When I asked for another volunteer, a student suggested that graph #7 corresponds to Monopoly prices.  What’s your reasoning for that?  The student commented that Monopoly properties often come in pairs, and this graph includes many instances of two dots at the same value.  Also, the distance between the dots is mostly uniform, suggesting a common increment between property prices.  I asked about the largest value on this graph, which is separated a good bit from the others, and a student responded that this dot represents Boardwalk.

After those four variables and graphs were matched up, students got much quieter when I asked for another volunteer.  I wish that I had set up a Zoom poll in advance to ask them to express their guesses for the rest, but I did not think of that before class.  Instead I asked for a description of graph #3.  A student said that there are a lot of identical values on the low end, and then a lot of different values through the high end.  When I asked about which variable that pattern of variation might make sense for, a student suggested snowfall amounts.  What’s your reasoning for that?  The student wisely pointed out that I had said that the cities were taken from around the U.S., so that should include cities such as Los Angeles and Miami that see no snow whatsoever.

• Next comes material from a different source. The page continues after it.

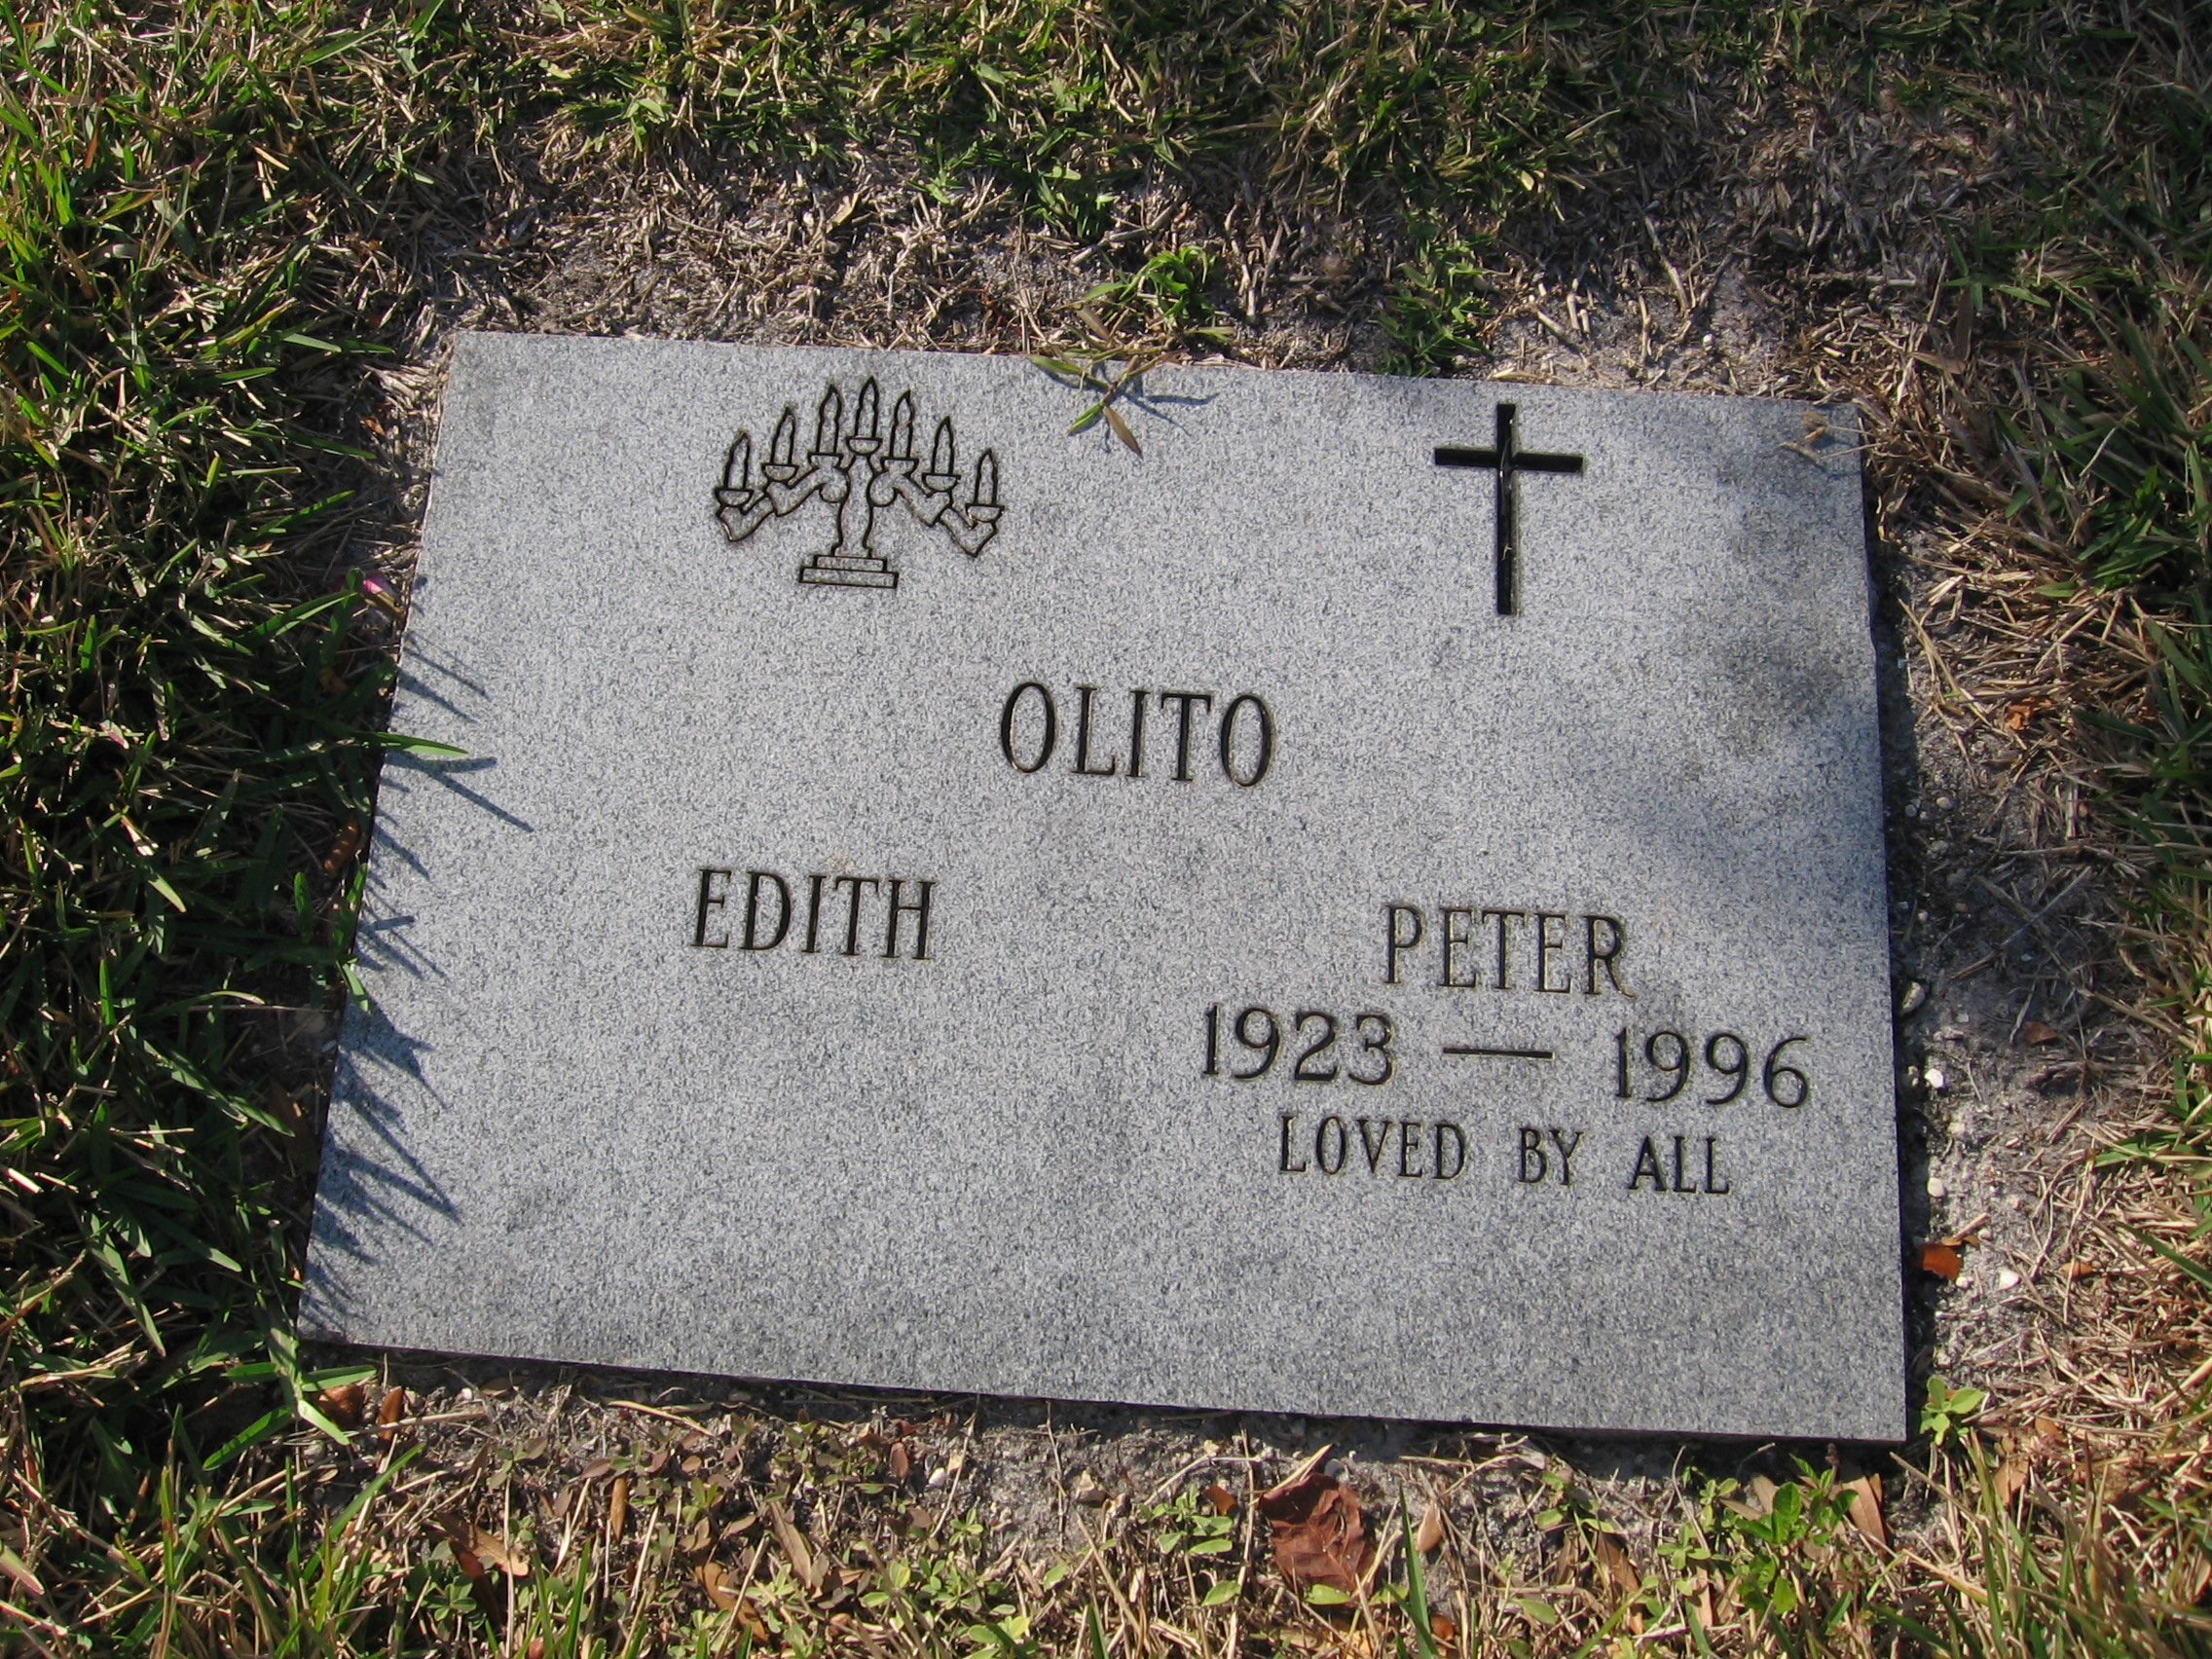 Peter Olito

Then I noted that the only graphs left were #5 and #6, and the only variables remaining were blood pressure measurements and rower weights.  I asked for a student to describe some differences between these graphs to help us decide which is which.  This is a hard question, so I pointed out that the smallest value in graph #6 is considerably smaller than all of the others, and there’s also a cluster of six dots fairly well separated from the rest in graph #6.  One student correctly guessed that graph #6 displays the distribution of rower weights.  What’s your reasoning for that?  The student knew enough about rowing to say that one member of the team calls out the instructions to help the others row in synch, without actually rowing himself.  Why does the team want that person to be very light?  Because he’s adding weight to the boat but not helping to row!

That leaves graph #5 for the blood pressure measurements.  I suggested that graph #5 is fairly unremarkable and that points are clustered near the center more than on the extremes.

You might be wondering why I avoided using the terms skewness, symmetry, and even outlier in my descriptions above.  That’s because I introduced students to these terms at the conclusion of this activity.  Then I asked students to look back over the graphs and: Identify which distributions are skewed to the left, which are skewed to the right, and which are roughly symmetric.  I gave them just three minutes to do this in the same breakout rooms as before.  Some students understandably confused skewed to the left and skewed to the right at first, but they quickly caught on.  We reached a consensus as follows:

  • Skewed to the left: quiz percentages (sharply skewed), rower weights (#1, #6)
  • Skewed to the right: Scrabble points, snowfall amounts (#2, #3)
  • Symmetric (roughly): jersey numbers, blood pressure measurements, Monopoly prices (#4, #5, #7)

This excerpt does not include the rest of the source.